Expected number of tosses for a number to repeat $N$ times given an $n$-sided die.

Question

I am currently reading a "pop-science" book on statistical fallacies. On page 36 the authors discuss how events can cluster around certain locations by chance. The authors exemplify this by a $6*6$ checkerboard and two dice.

Without further explanation they calculate that a square with $4$ events will happen roughly every second simulation ($\frac{1}{0.54} = 1.85 \approx 2$), where one simulation consists of $36$ rolls of two dice (as far as I understand).

Now I understood that, according to this answer, the expected number of rolls for a number to repeat, given a single fair die, is:

$$\operatorname{E}[r] = \sum_{r=2}^{n+1} r \frac{n!(r-1)}{(n-r+1)!n^r}$$

So given that rolling two dice or one 36-sided die give equal results, I can calculate the number of rolls to see a square with two events. But how do I generalize this to $N$ events? Which I suspect is one way to figure out how many rolls it takes to see a square with $4$ events, right?

Also, according to a footnote, the authors appear to be using the Poisson distribution to calculate this.

I know that the Binomial distribution converges towards the Poisson distribution as the number of trials goes to infinity while the product $np$ remains fixed.
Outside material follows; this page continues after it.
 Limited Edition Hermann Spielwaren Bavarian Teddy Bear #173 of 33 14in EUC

I see how one could e.g. calculate the probability that $4$ events occur in a specific square using both the Binomial and Poisson distribution for a simulation of 36 throws of a 36-sided die:

$${36 \choose 4} \left( \frac{1}{36}\right)^4 \left( \frac{35}{36}\right)^{32} \approx 0.014$$

$$\frac{1^4e^{-1}}{4!} \approx 0.015$$

But I am not sure how the authors used the Poisson distribution to calculate the expected number of simulations of 36 throws necessary to see an unspecified square with 4 events.
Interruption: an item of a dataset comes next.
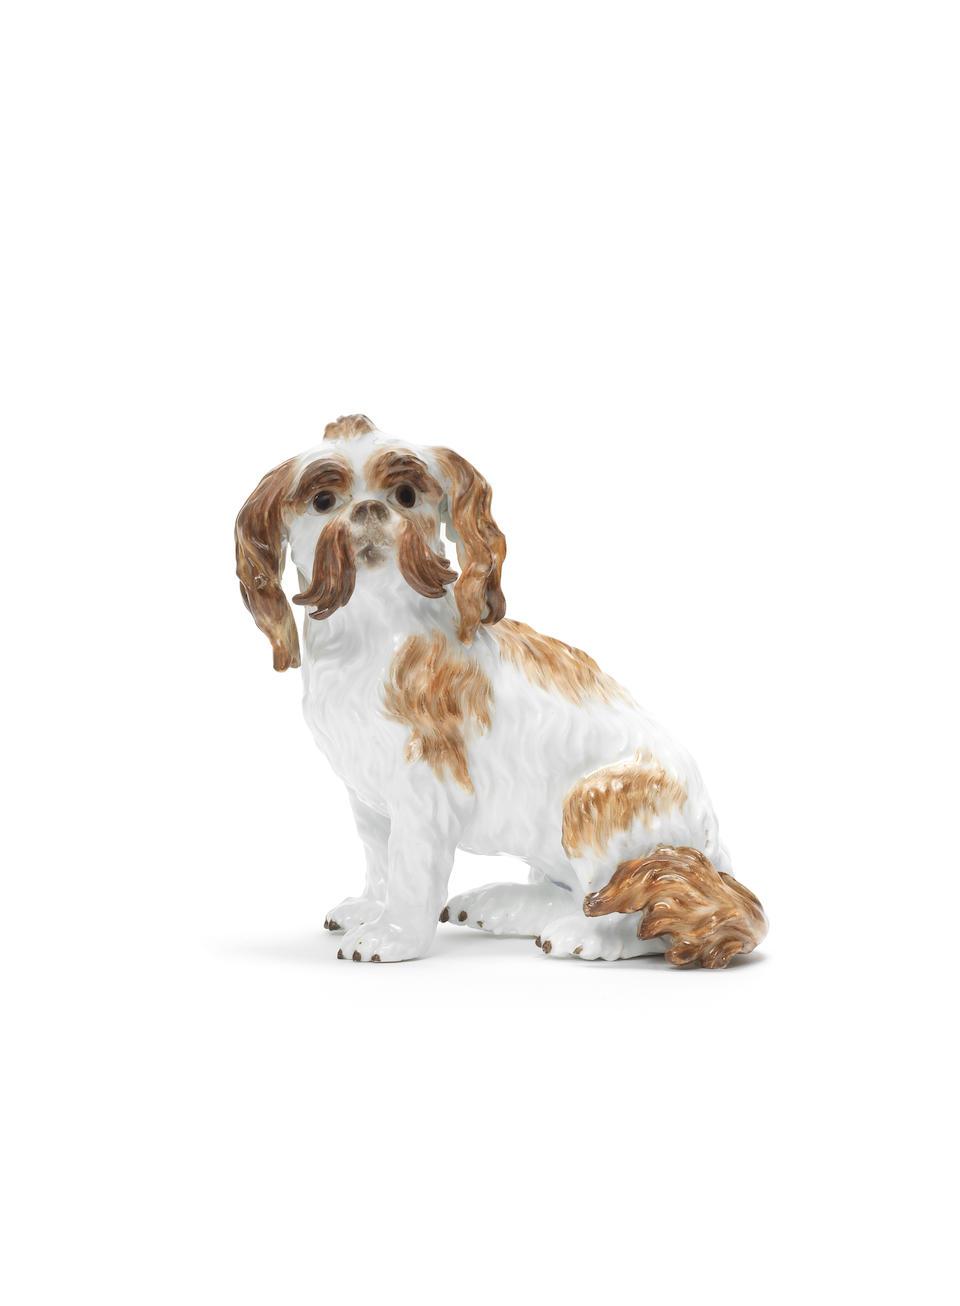 A Meissen model of a Bolognese terrier, circa 1820-30

Sorry for the long question, I'd appreciate if someone could at least point out some book or other resource where I can learn all this from. Thanks a lot!

Answer 1

I think the cited book may be trying to state something much simpler than the question and answers (so far) seem to suppose.
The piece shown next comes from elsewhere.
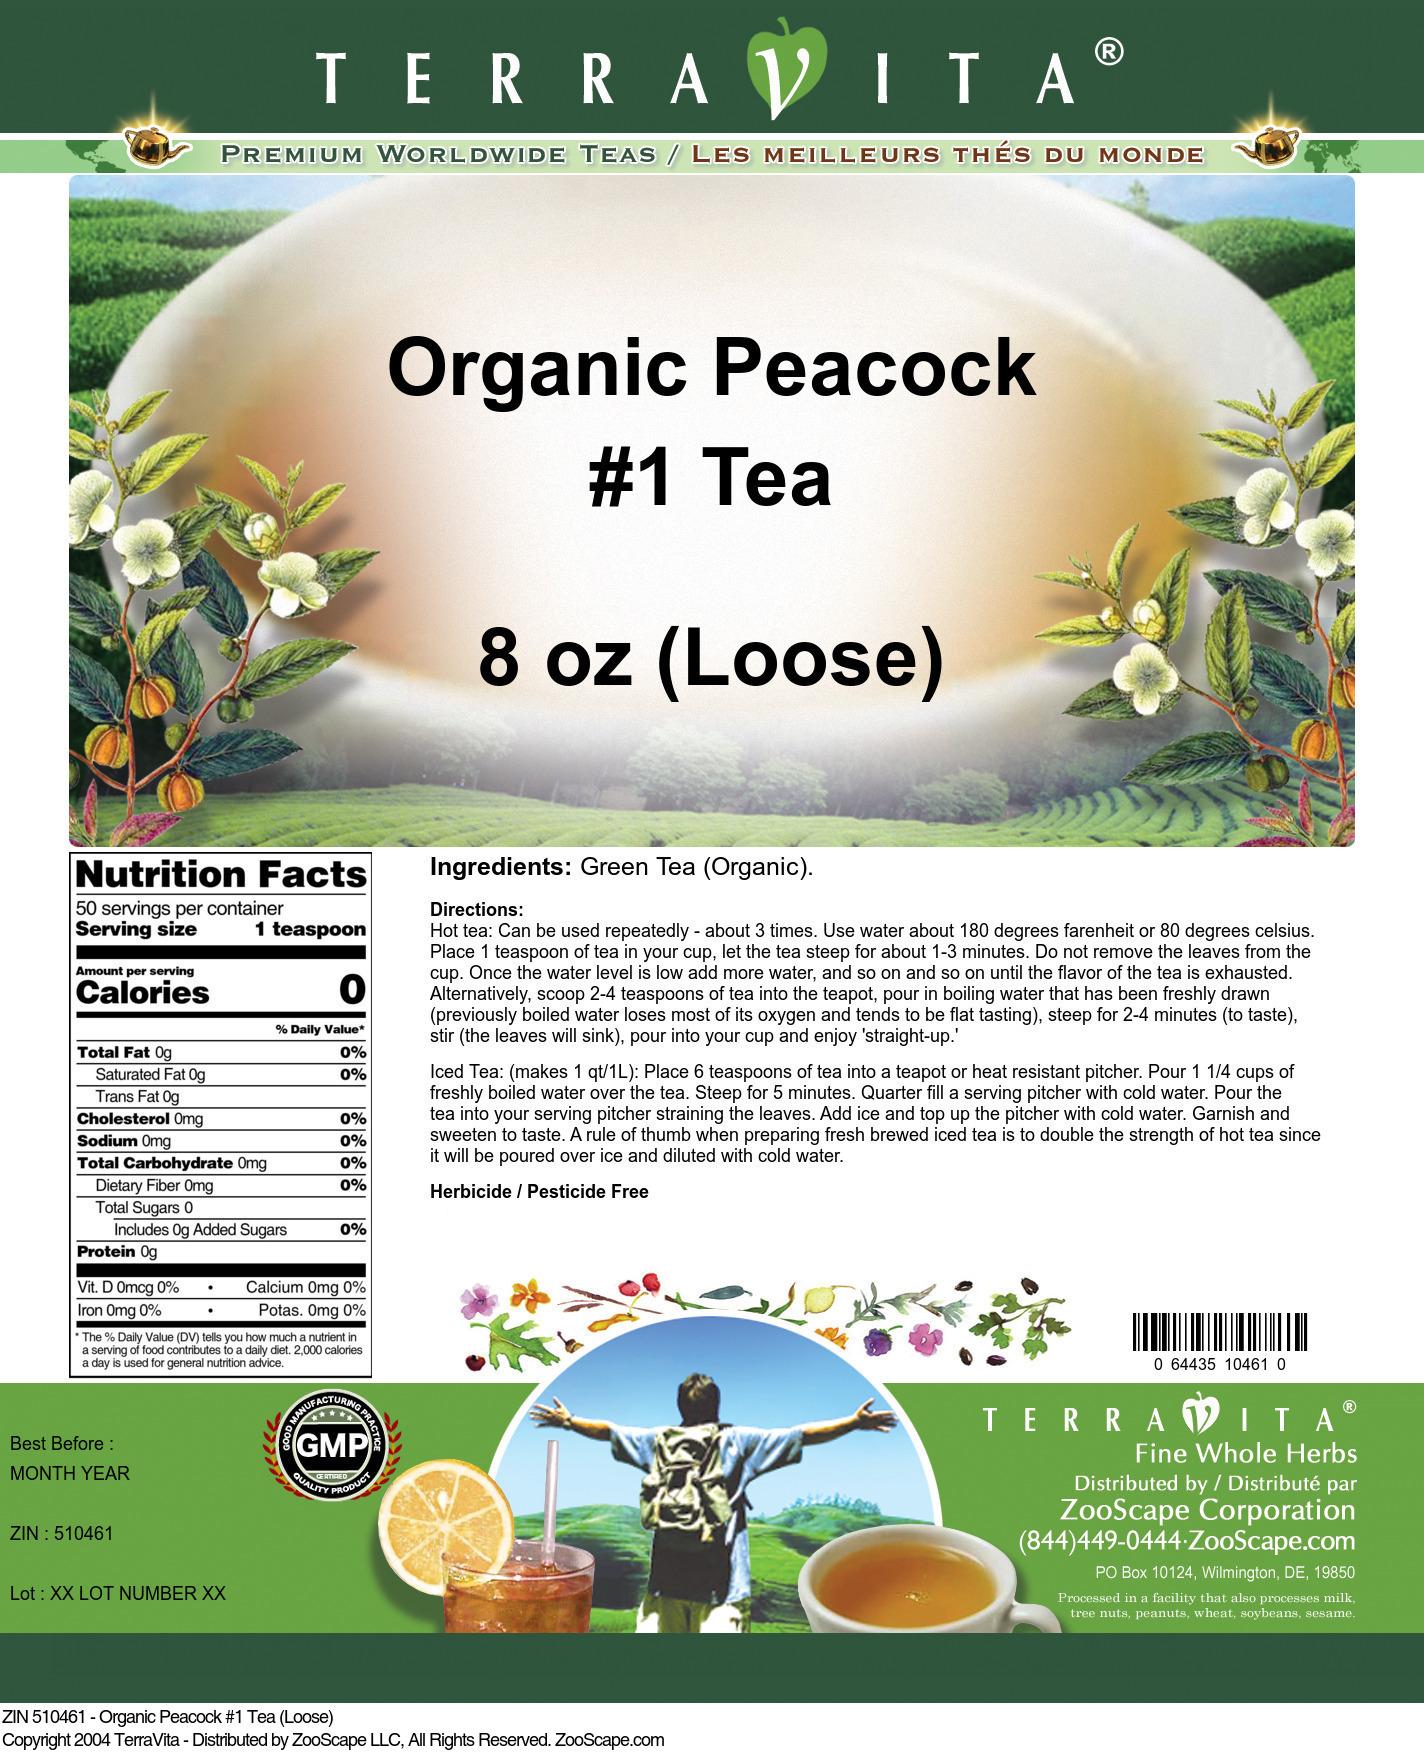 Organic Peacock #1

One trial of the experiment consists of $36$ instances of selecting at random one of $36$ boxes. The expected number of boxes to be selected exactly $k$ times per trial is then($^*$) $36\ p_k$, where

$$p_k = {36 \choose k} \left( \frac{1}{36}\right)^k \left( \frac{35}{36}\right)^{36-k}\ \ [k\in \{0,1,...,36\}]$$

with corresponding Poisson approximations.

For ease of expression, let's refer to a box selected exactly $k$ times (in one trial) as a "$k$-hit" box.

Now, the above rate of $36\ p_k$ $k$-hit boxes per trial is the same as $\frac{1}{36\ p_k}$ trials per $k$-hit box.

E.g., a rate of $36\ p_4 \approx 36\cdot 0.015 \approx 0.54$ $4$-hit boxes per trial is the same as approximately $\frac{1}{0.54}\approx 1.85\approx 2$ trials per $4$-hit box, just as the cited book states.

NB: The expected number of trials per $k$-hit box is $E(\frac{1}{N_k})$, where $N_k$ is the number of boxes that are hit exactly $k$ times in one trial. For this, $\frac{1}{E(N_k)}$ might not be a very good approximation; however, the latter appears to be what the book uses, perhaps because it can be more easily calculated (without need of simulation). Note that, although similar, this is not the same as the expected number of trials needed to obtain at least one $k$-hit box (which could also be readily computed from the binomial probabilities $p_k$).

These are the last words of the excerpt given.